→ **EXERCISE INSTRUCTIONS**
Look below for the line containing "Crown of Thorns". Write out that line and the rest through the last one, exactly as they appear, but without pictures.

━━━━━ INFORMATION PROVIDED

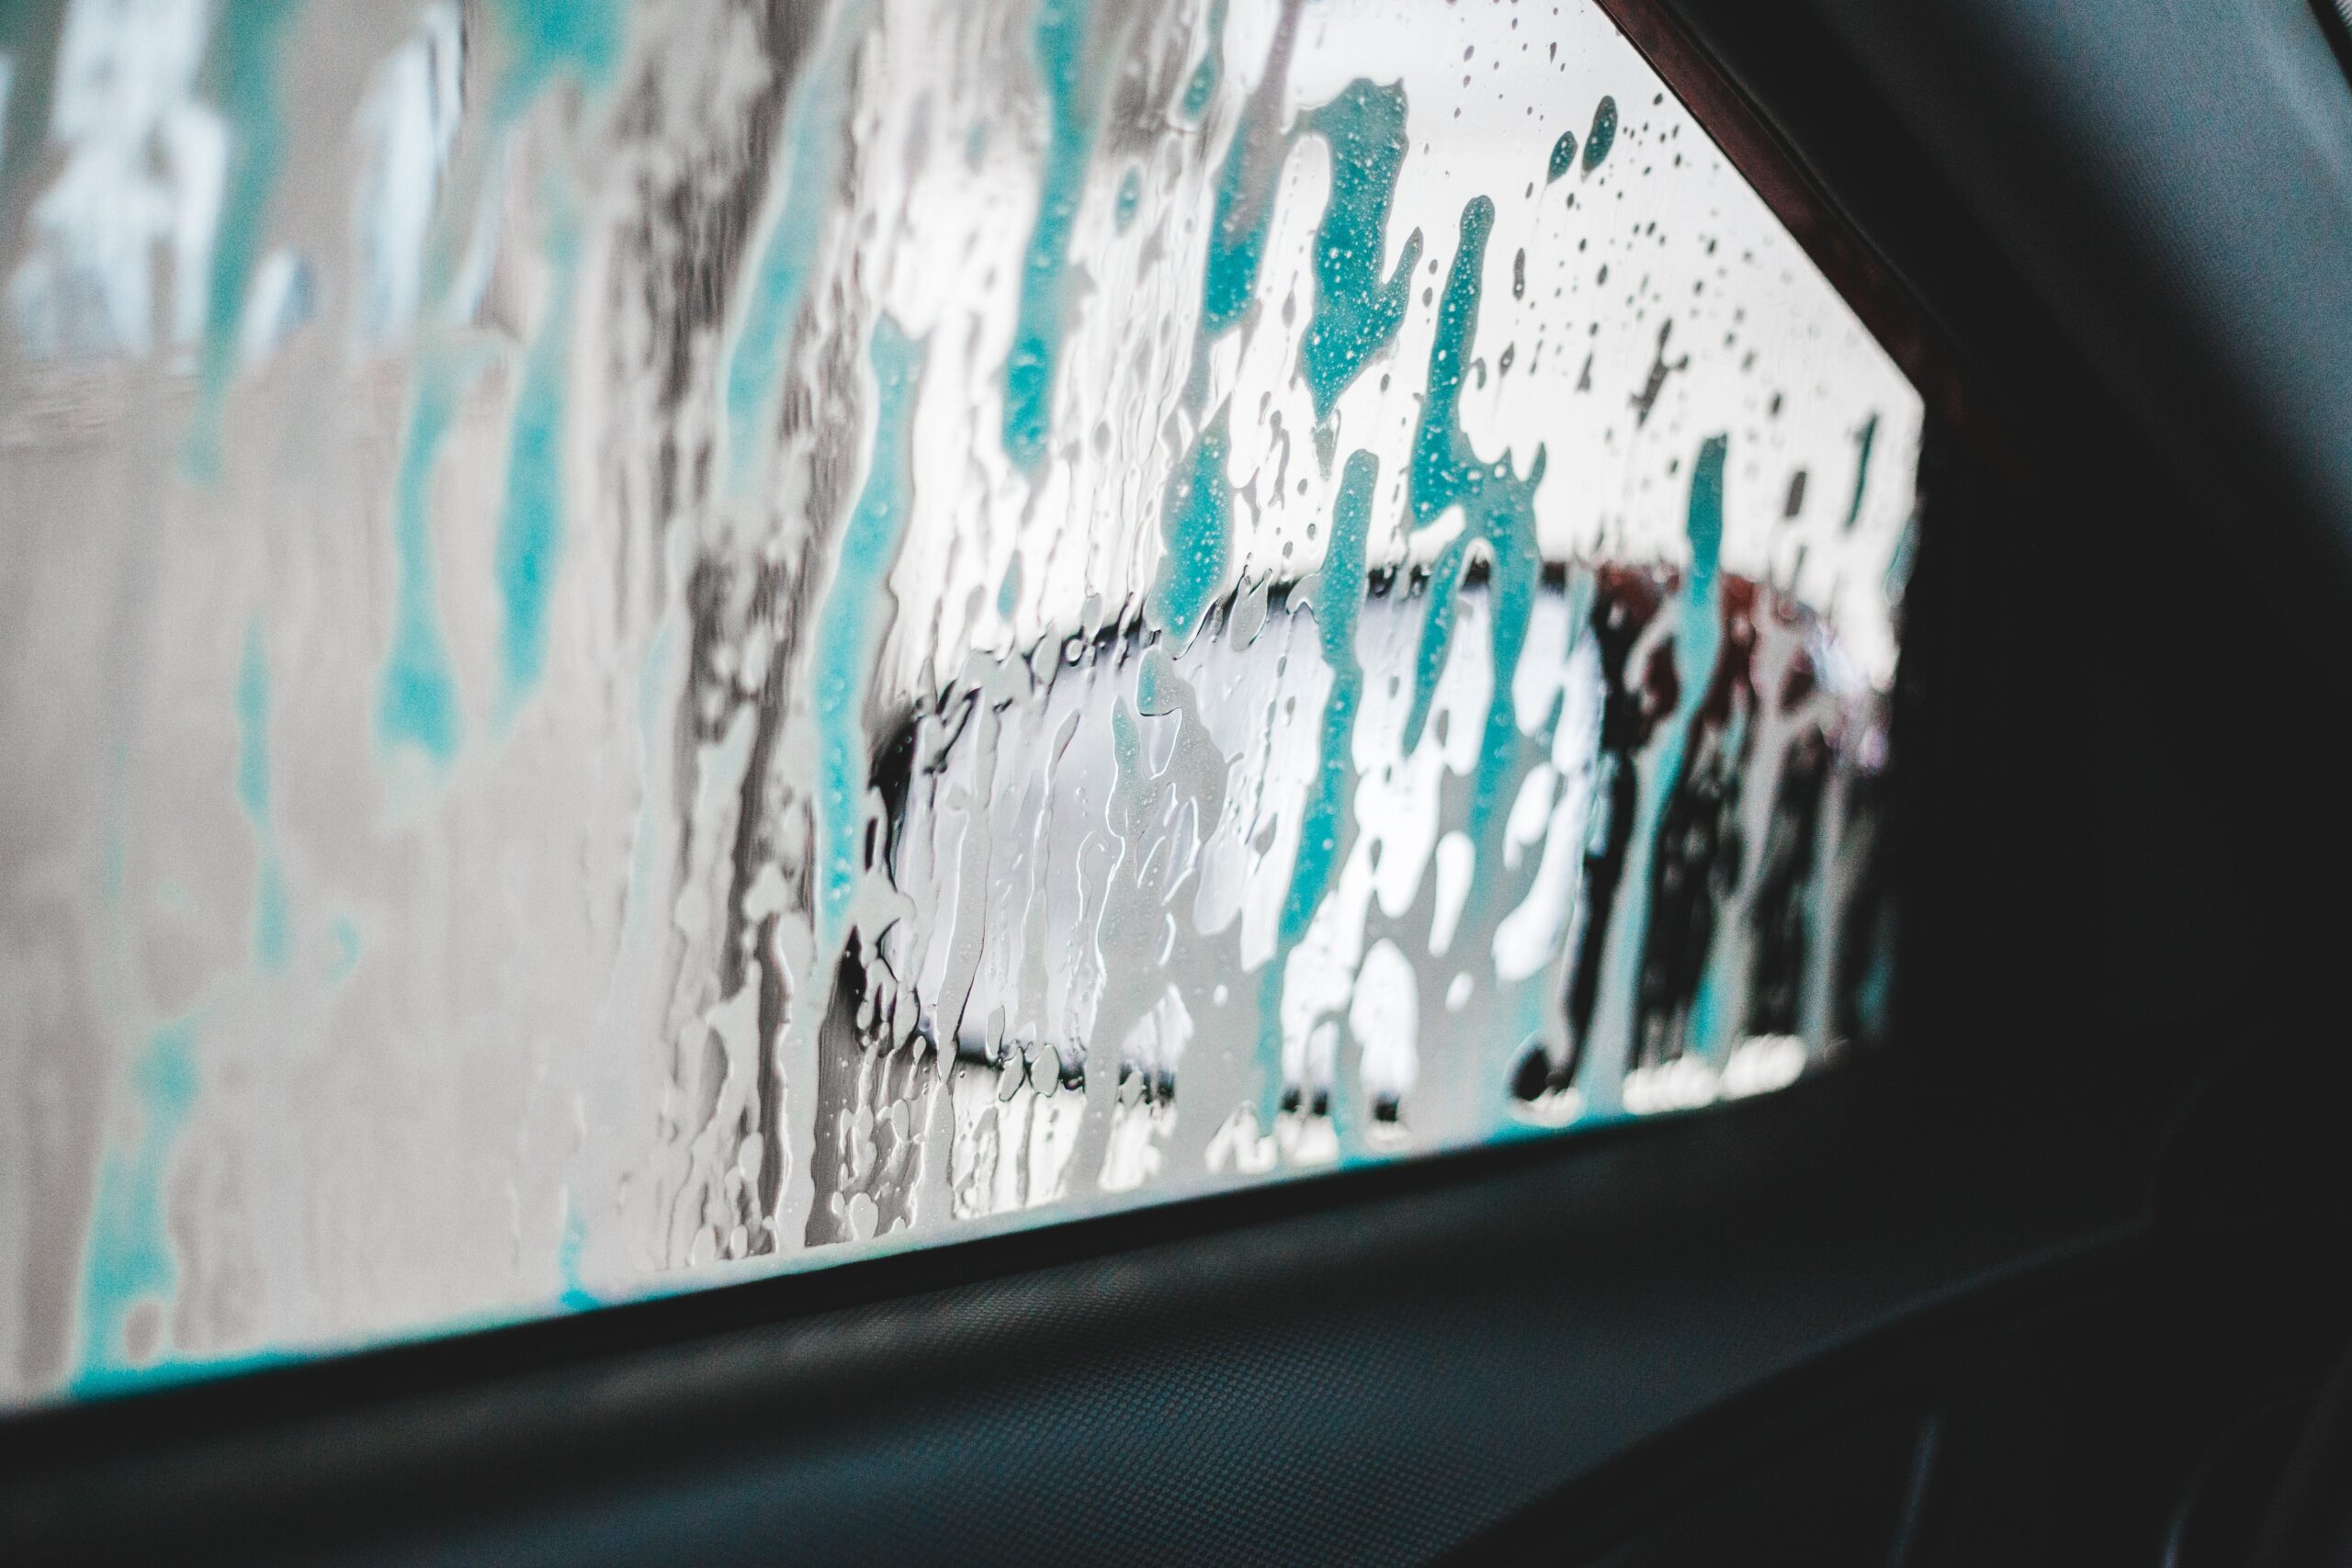 How to clean car windows without streaks
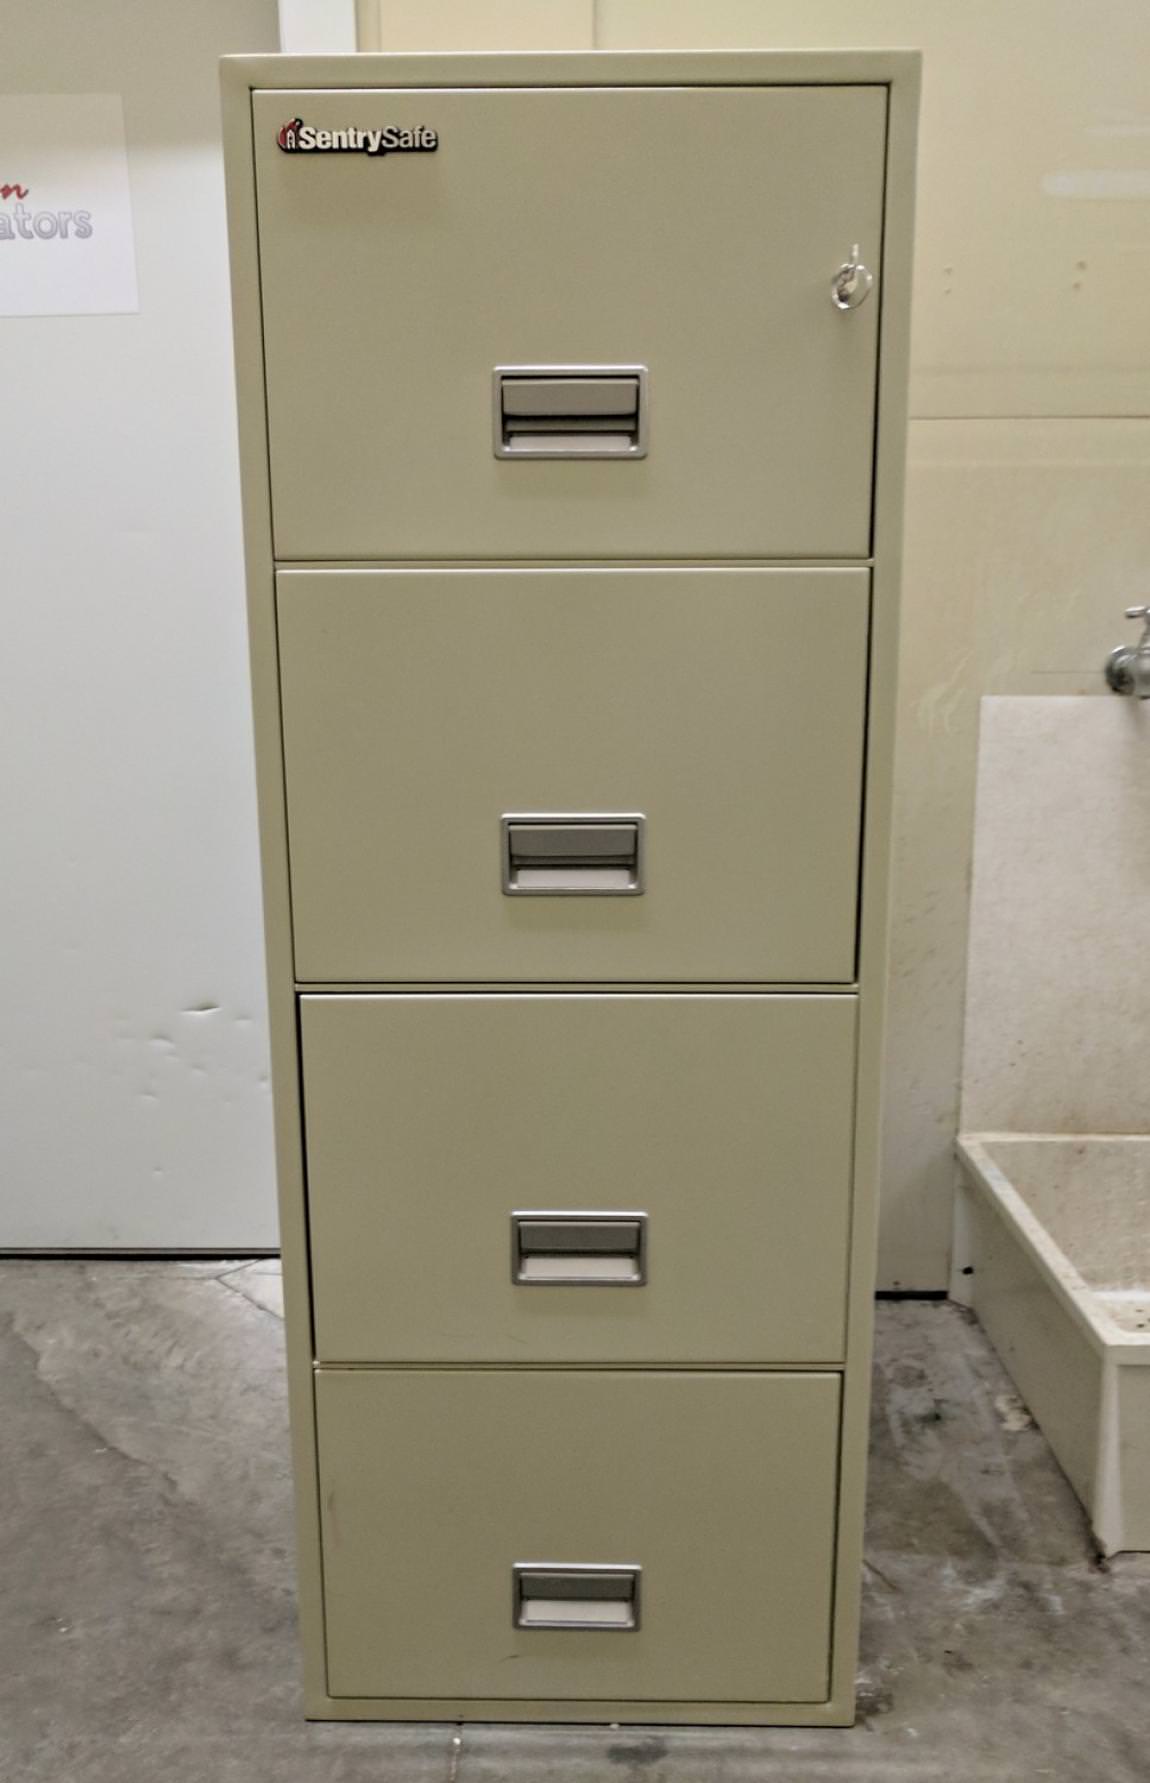 Tan Sentry Safe Fireproof 4 Drawer Vertical Legal File by
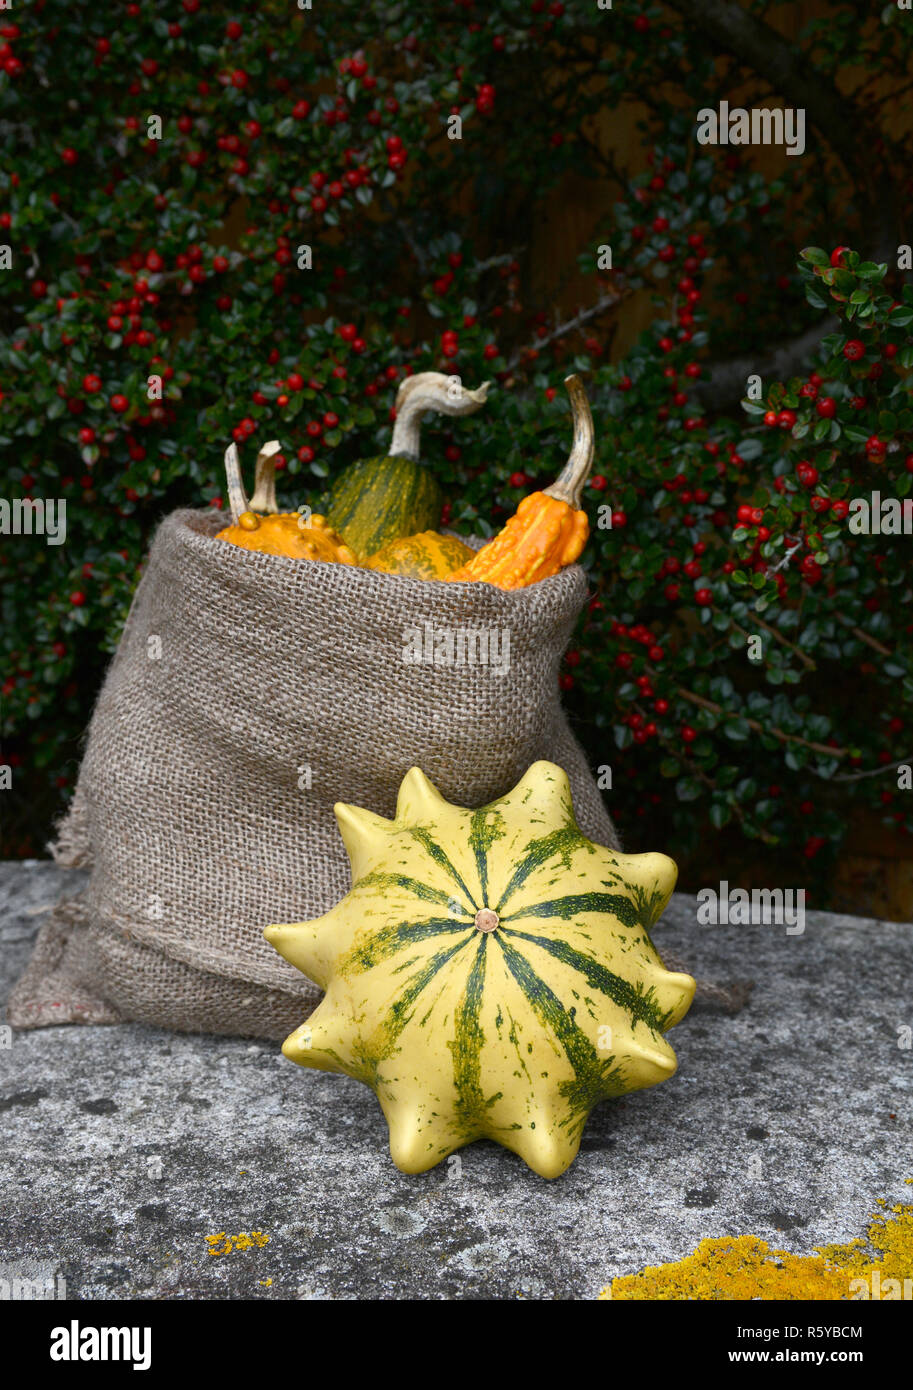 Crown of Thorns gourd with sack of ornamental squashes Stock Photo
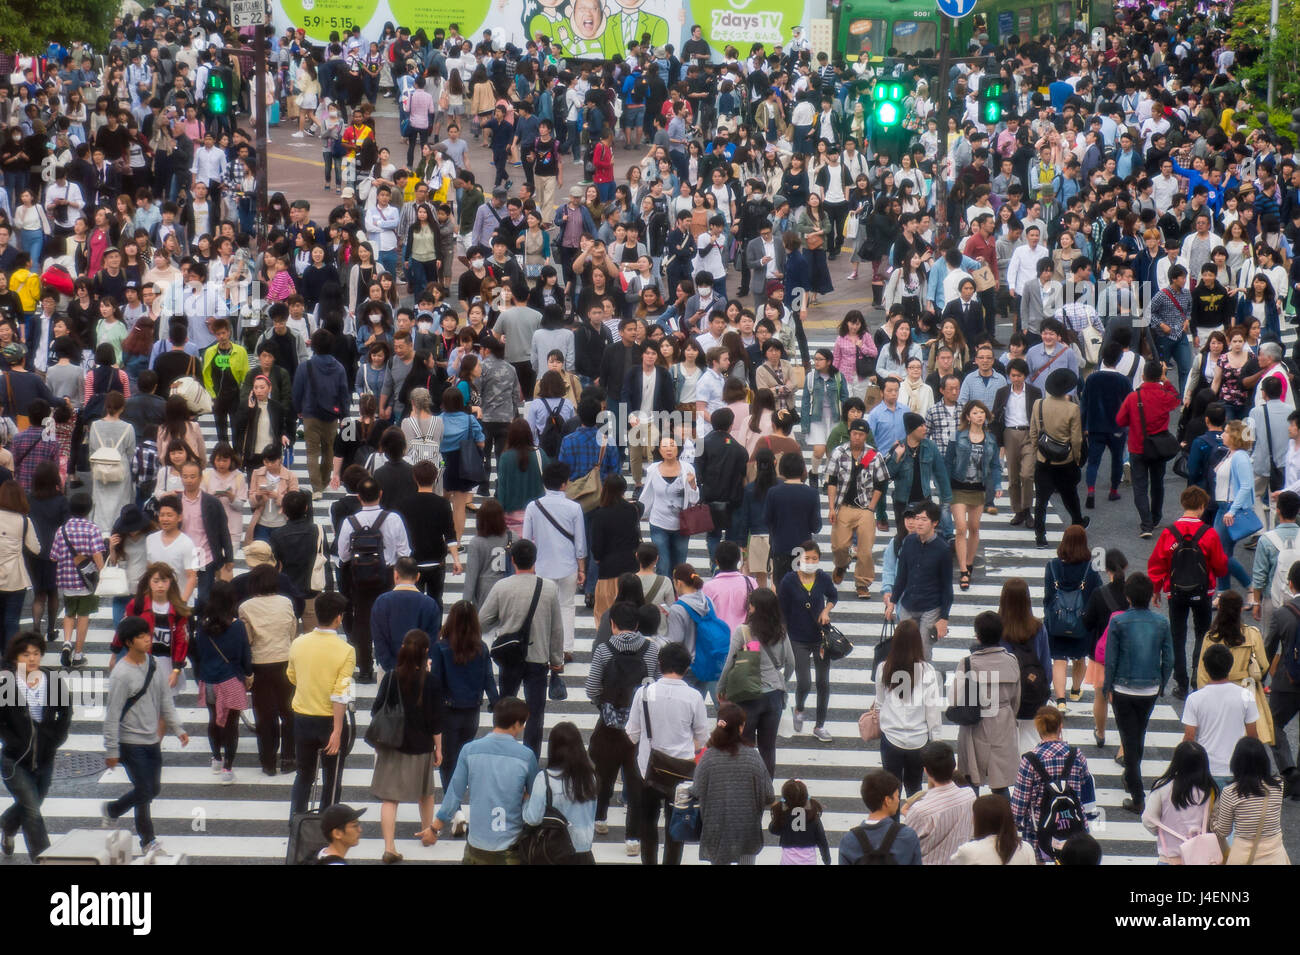 Shibuya crossing, the busiest road crossing in the world, Tokyo, Japan, Asia Stock Photo

━━━━━━━━━━

→ **TASK OUTPUT**
 Crown of Thorns gourd with sack of ornamental squashes Stock Photo
 Shibuya crossing, the busiest road crossing in the world, Tokyo, Japan, Asia Stock Photo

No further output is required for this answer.